L’antivirus russe Kaspersky a disparu sans préavis des ordinateurs de ses utilisateurs américains et il a été remplacé automatiquement par UltraAV, un produit de la société américaine Pango Group.
Cette transition forcée a pris de court de nombreux clients, provoquant incompréhension et inquiétude sur les réseaux sociaux. Certains ont même craint une infection par un logiciel malveillant en découvrant ce nouveau programme sur leur bureau : “Je me suis réveillé et j’ai vu ce nouveau système antivirus sur mon bureau et j’ai essayé d’ouvrir Kaspersky mais il avait disparu.

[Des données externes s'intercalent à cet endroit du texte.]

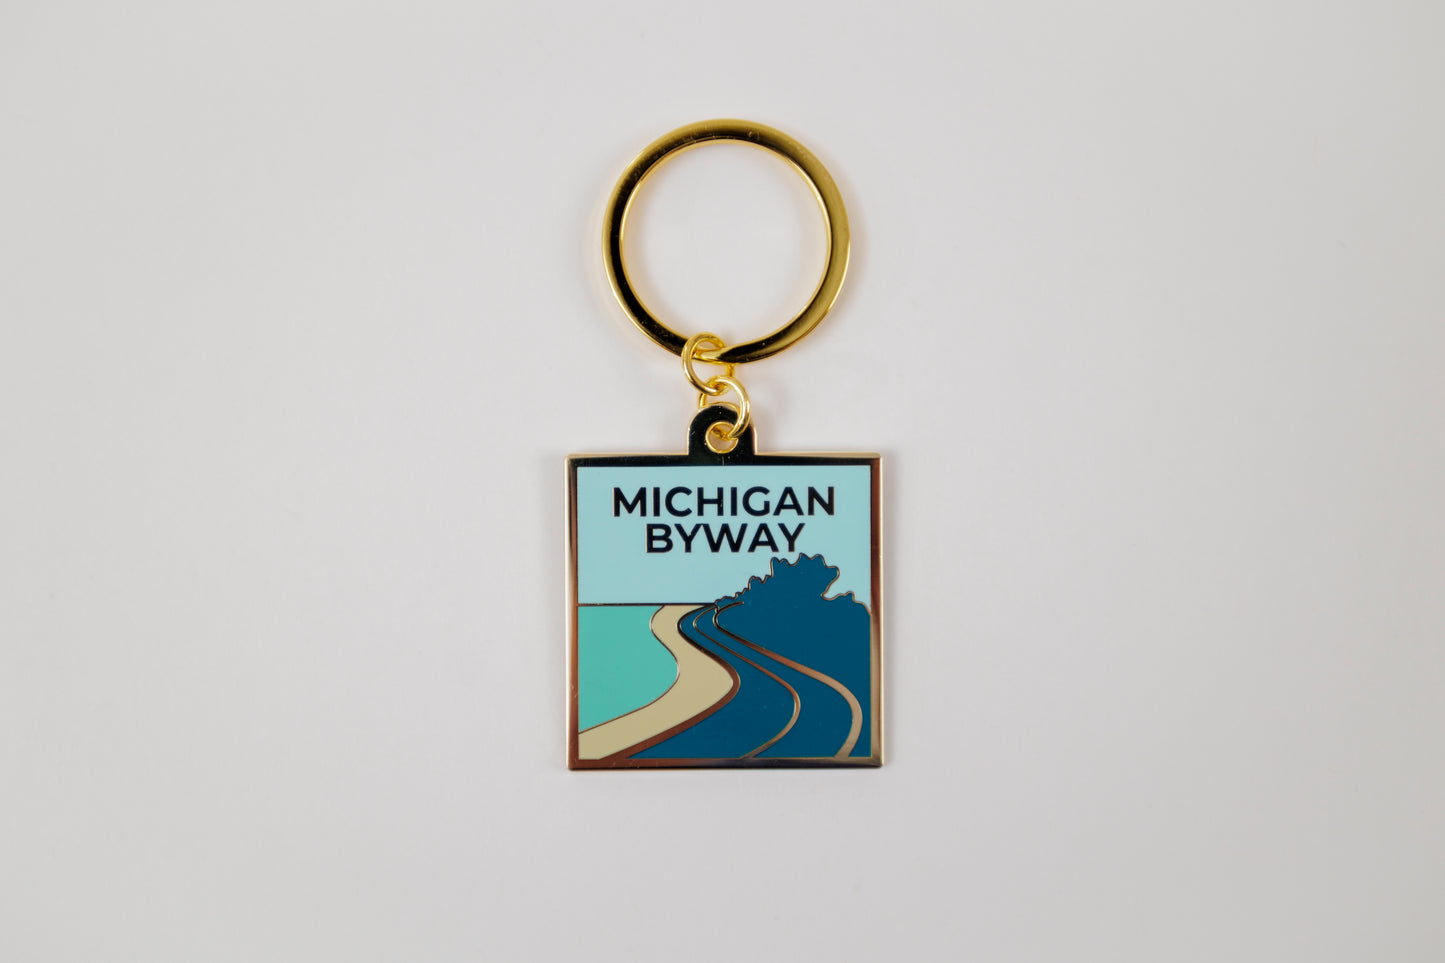 Michigan Byway Enamel Keychain

J’ai donc dû chercher ce qui s’était passé parce que j’étais littéralement en train de faire une mini crise cardiaque en pensant que mon bureau avait un virus qui avait désinstallé Kaspersky d’une manière ou d’une autre”, avance un utilisateur du réseau social Reddit.
Interdiction officielle
Cette situation découle de l’interdiction en juin par le gouvernement américain des produits Kaspersky qui ont été jugés trop proches du pouvoir russe. L’éditeur avait alors annoncé son retrait progressif du marché américain – devant être effectif au 29 septembre 2024. Il laisse ainsi sa place aux acteurs locaux comme Norton, Avast ou encore à l’européen Bitdefender qui compte plus de 400 millions de clients dans le monde. Pour gérer cette sortie, Kaspersky a conclu un accord avec Pango Group pour le rachat de sa base clients américaine. Ce dernier édite l’antivirus UltraAV mais également les VPN UltraVPN, Betternet et Hotspot Shield.
Bien que Kaspersky ait envoyé un email à ses utilisateurs leur promettant une “protection de cybersécurité fiable” avec UltraAV, rien ne laissait présager une mise à jour automatique sans préavis. La transition a aussi concerné les services VPN, les clients passant automatiquement de Kaspersky VPN à UltraVPN sans leur accord explicite.
Tout aussi gênante, la désinstallation d’UltraAV s’est avérée particulièrement complexe pour les utilisateurs du nouveau service qui n’ont pas pu faire appel à la méthode traditionnelle pour supprimer le logiciel antivirus en quelques clics. Face aux critiques, Kaspersky s’est défendu en affirmant que cette mise à jour visait à éviter toute “faille de protection” lors de son retrait du marché américain. Pango Group, de son côté, assure dans une FAQ avoir prévenu tous les clients Windows dès le 5 septembre via divers canaux.
En France, Kaspersky est encore autorisé malgré le fait que l’Anssi se soit posé des questions au moment du démarrage de la guerre en Ukraine. En Allemagne, l’éditeur russe n’est plus le bienvenu.